Belvoir Lifts the Lid on 2013 Season
Adventures in Neverland and a seven-hour sitting feature at Belvoir in 2013.
Blam-blam-blam! That's the sound of Belvoir, Sydney's 'other' major theatre company, lining them up and knocking them down. They've announced a 2013 season that's filled end to end with heart-starting productions, each one either a loved text, starring theatre's leading lights, directed by powerhouse Simon Stone, or some combination of the three.
Perhaps the centrepiece of the season is Angels in America, Tony Kushner's seven-hour, two-part play that's an icon of the queer canon but also became the most watched TV cable movie in the US in 2003. Directed by Eamon Flack and starring, among others, Robyn Nevin, Paula Arundell, and Mitchell Butel, it will play in repertory as two separate, full-length shows, which you'll have the option to see back-to-back on Saturdays and Sundays. For durational performance fans, it's a theatre marathon to relish.
Meanwhile, Simon Stone, the company's resident director (who's created The Wild Duck and Strange Interlude there already) will direct Jacqueline McKenzie and Ewen Leslie in Tennessee Williams' Cat on a Hot Tin Roof and Toby Schmitz, Emily Barclay, and Robyn Nevin in Shakespeare's Hamlet. He'll also be adapting August Strindberg's Miss Julie for Leticia Cáceras to direct and Brendan Cowell to star in (both of 2011's unforgettable The Dark Room), a compelling release of control after his string of successes directing his own dramatic rewrites of classics.

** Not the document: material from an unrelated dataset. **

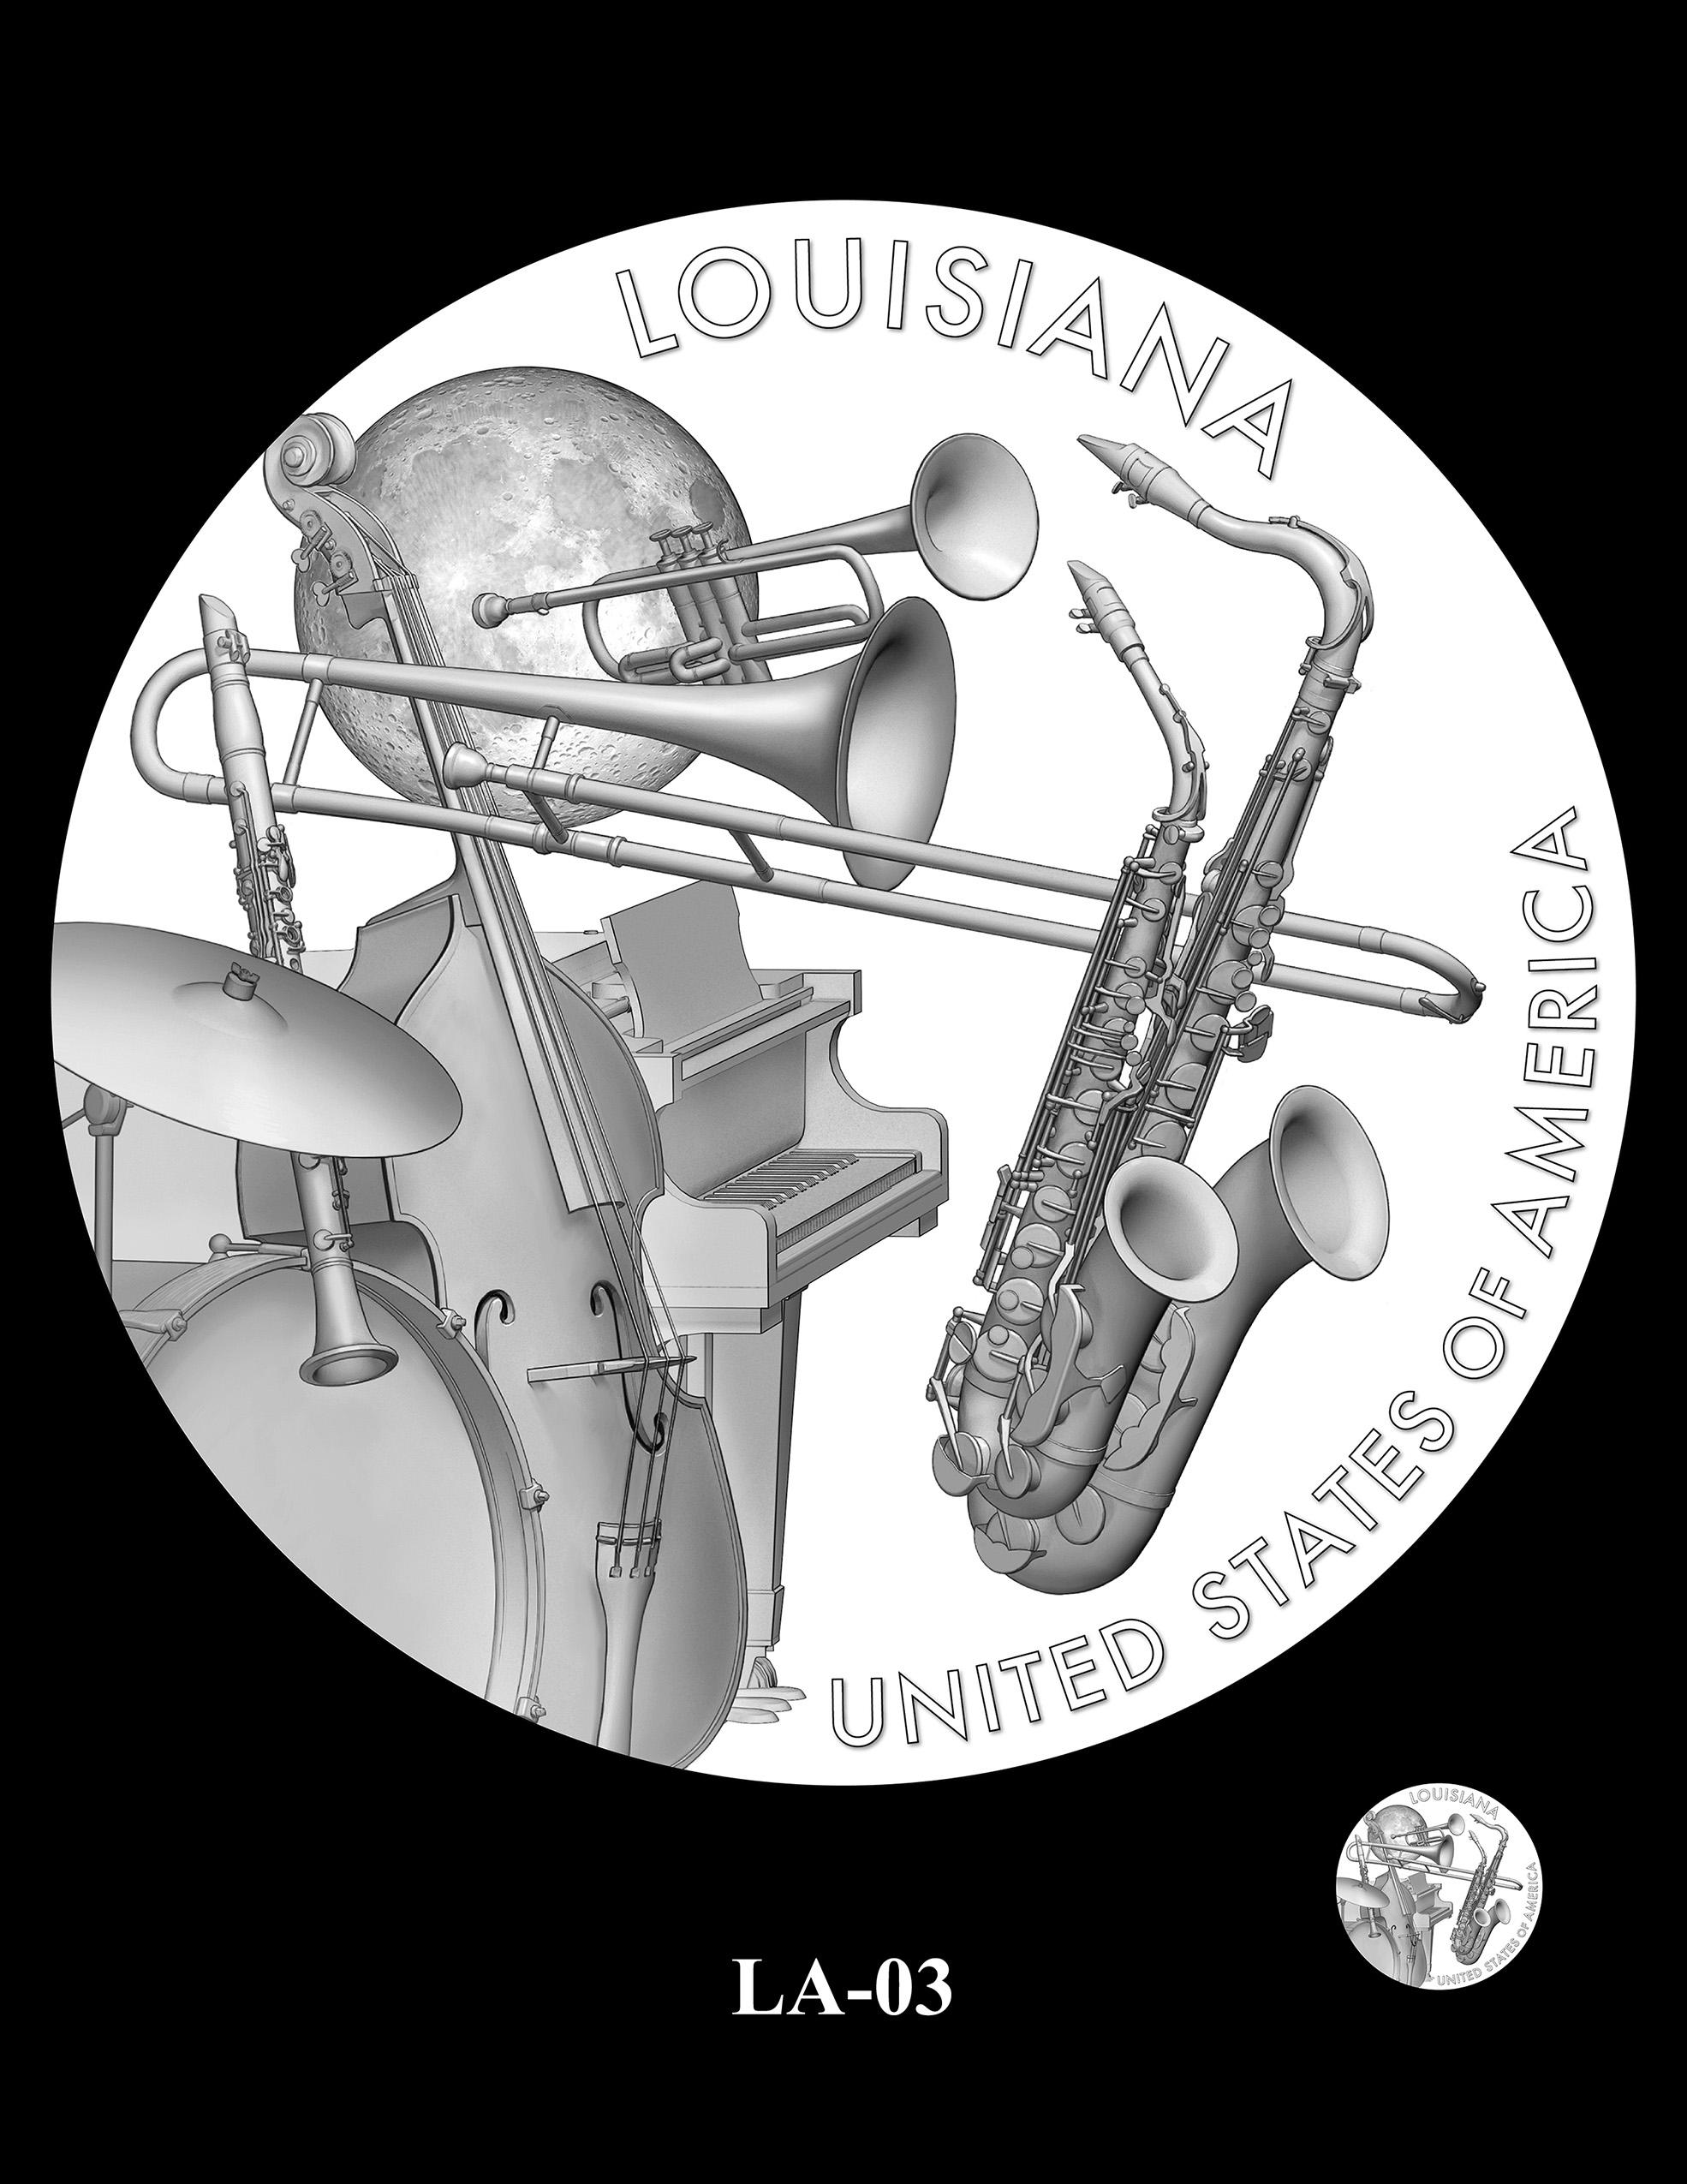 LA-03 -- 2023 American Innovation $1 Coin Program - Louisiana

On the funnest note, the season kicks off in the early days of January with Peter Pan, a perfect fit for this festive time of year. Under the eye of artistic director Ralph Myers, the ensemble cast will rescue the original JM Barrie text from the saccharine clutches of Disney.

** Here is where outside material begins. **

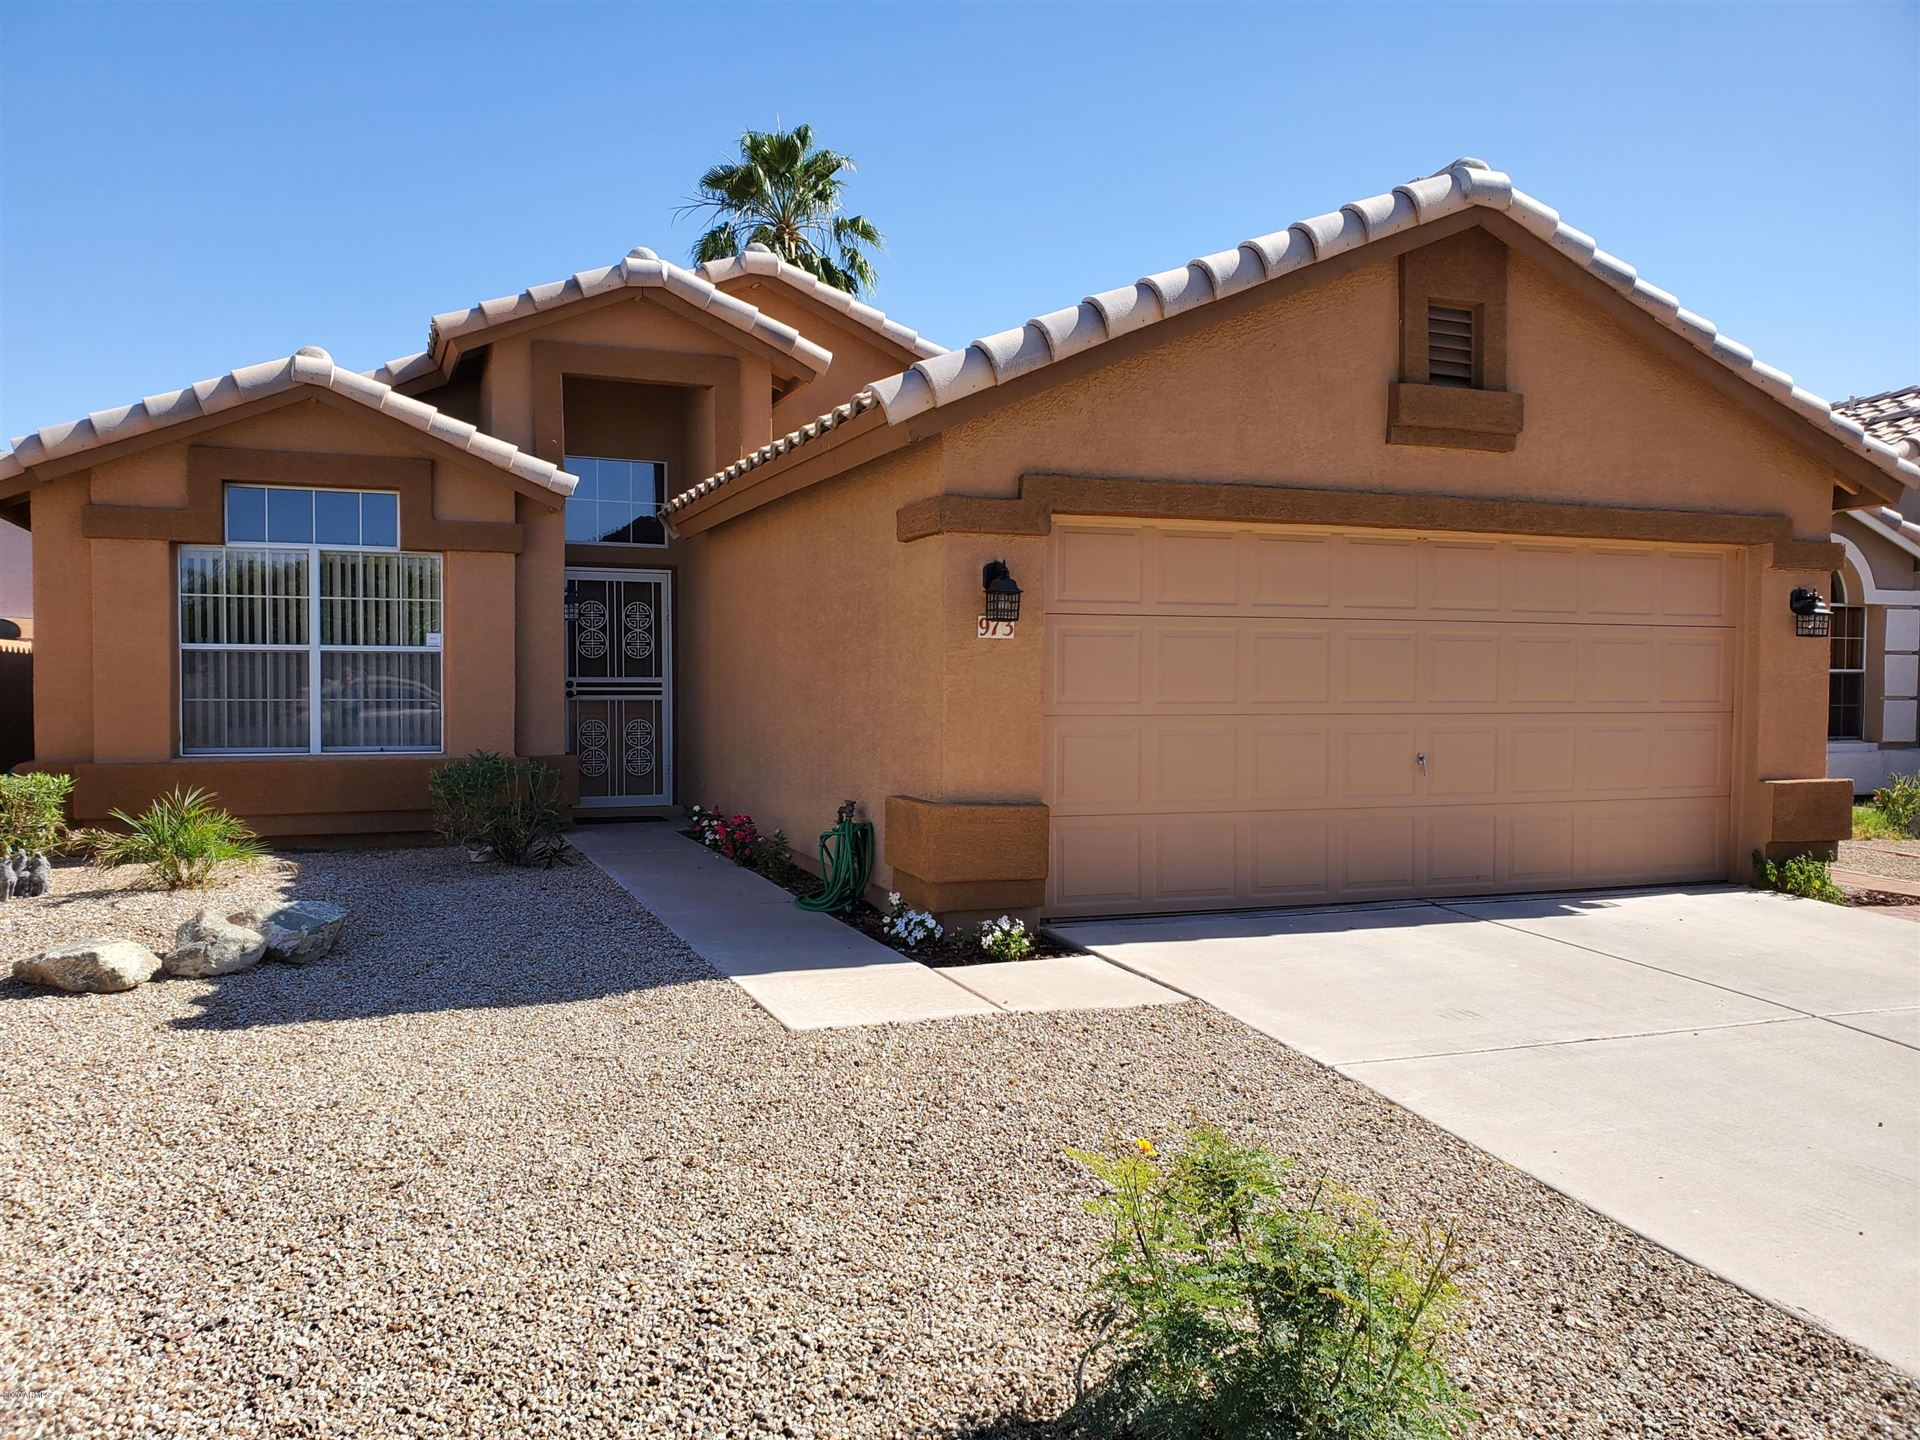 973 E CONSTITUTION Drive, Chandler, AZ 85225 - #: 6080818

Also in the Upstairs Theatre will be two Australian-history-inspired new works: from Love Me Tender writer Tom Holloway, Forget Me Not (directed by Anthea Williams), a fictionalised take on the very real tragedy that befell some 7000 Forgotten Australians who endured forced child migration that separated them from their families, and a co-production with Ilbijerri, Coranderrk that pays tribute to an 1881 inquiry in which the people of Coranderrk Aboriginal Reserve campaigned for their self-determination.
Downstairs, much-performed playwright Lally Katz (Neighbourhood Watch, Smashed) has written a thing she's actually not keen to hand over to actors for interpretation and will step onto the stage to deliver herself. Zaniness is guaranteed, touching humanity expected. Other new works featuring Downstairs are The Baulkham Hills African Ladies Troupe, documentary theatre that communicates hardship, survival, and celebration, and Kit Brookman's Small and Tired, a story ripped from Greek mythology, now sitting in a bar.
Belvoir again and again works with Australia's favourite theatre-makers in an environment where collaboration and conversation flow freely. The fruits of this approach can be seen in their solid plans for season 2013, which we'll be savouring piece by piece.